While we were eating, there was considerable discussion as to how we should proceed. Barton was for returning at once to the big camp; but Brainard held a different opinion. We could not reach our destination, he pointed out, until long after dark, when we might easily be ambushed by our late enemies, even if we did not have a running fight with them all the way home. We could stand them off much better where we were. The debate waxed warm. We had all forgotten Specs. Our meal was nearly finished when someone noticed that he was absent, but at the same moment Balaam's head appeared above the breastwork, and his rider, with a sigh, slid out of the saddle and shuffled toward us. Annie looked at him and sneered; then casting a glance at Sam which made him look sheepishly pleased. Some of the men laughed. Specs winced, but paid no further attention to the slight, and going up to the sheriff touched his arm. Barton impatiently threw off the hand. Once more Specs grasped the sheriff's arm, this time retaining his hold and pointing with the Wells-Fargo, held in the other hand, toward the mountains, blue on the northern horizon. Everyone looked at the point indicated. A haze of smoke, almost invisible, was curling up from the desert, miles away. The arm changed its direction and pointed to another wreath; then to a third, and finally indicated a column in the west, rising straight in the motionless air, not half a mile from us. "I reckon that settles it," said the sheriff, quietly, gazing at the nearest smoke; "we mus' have struck in heah jus' at the place they was togathah, an' those foah gangs that's signalin' will try an take us in on theah way down the creek." "I guess that's right," assented Brainard, looking at his wife. She shuddered, then tried to smile. Annie sank down on the sand and cried hysterically. Sam made a motion as though he would go to her, but probably feeling the ridicule that might follow thought better of it.

"No use breakin' youah necks wuhkin'," said Barton, raising his voice a little. "It's sundown, now, an' we've got all night. Besides, theah ain't much to do." He was alluding to the fact, well known to us all, that Apaches never attack save at dusk or dawn, and it was nearly dark now. Many of the men lacked faith, I think, in this custom, or feared that the Indians might make an exception in our case, and we all worked feverishly preparing for the assault which the morning at the latest would bring. Every chink through which a bullet might be supposed to find its way was carefully stopped, and sand-banked up on the inside of the wall.

The work served for a time to occupy our minds, but was finished even before the light faded from the level edge of the desert, and the long blue night closed in.

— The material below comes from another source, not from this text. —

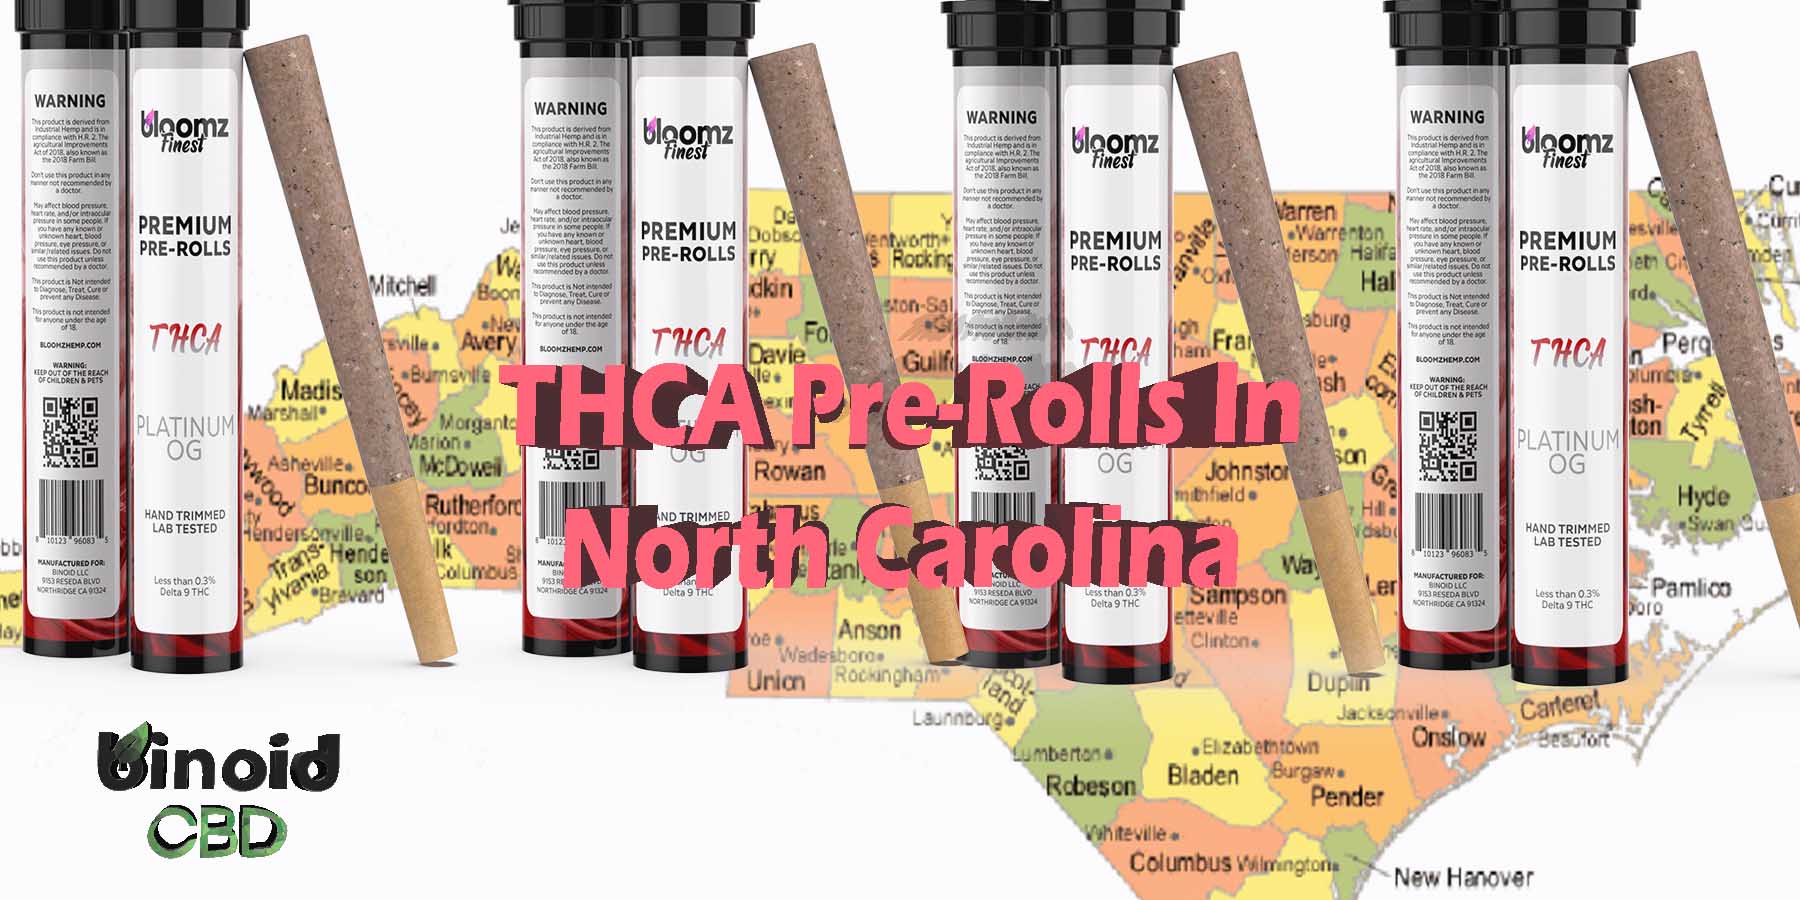 THCA Pre-Rolls In North Carolina THCA Hemp Flower Indica Where To Get Near Me Best Place Lowest Price Coupon Discount Strongest Brand Bloomz

The fire was carefully extinguished. One man after another went to rest, until all had gone save two: a sentinel sitting in the wagon and Specs, whose form I could see from where I lay, outlined against the sky. He was leaning on the wall, looking out over the plain at a waning spark which marked a camp-fire of our enemies. It was long before I slept that night, and the last thing I remembered seeing was that figure by the wall, as motionless as the wall itself.

Some one shook me by the shoulder, and the sheriff directed me to take my place by the wall; then passed softly on to rouse others. It seemed but a few minutes after I had fallen asleep, yet there was a smell of dawn in the air, and as I gained my post the east turned faintly gray.

Barton, kneeling against the wall leaned back, glancing left and right at the men on each side of him. "Theah, in that broken groun', yondeh," he whispered, resuming his position. "They'll crawl out mos' like now, to—see? " A crouching form stole out from behind a hummock, followed by many others. They appeared to spring out of the desert everywhere until, in an instant, a straggling line was formed which waited for a moment, then moved toward us. "Pass the wuhd not to shoot till I do," said our leader, softly, to the men next him. The Indians were still a hundred yards away—too far to risk a rifle-shot in that light—when Barton's order reached a man on my left. Then two flashes of a shotgun burned holes in the dim light, heavy charges of buckshot tore the sand a few yards in front of the wall, while Specs sank down at its base, in a fit of terror greater than was common even for him.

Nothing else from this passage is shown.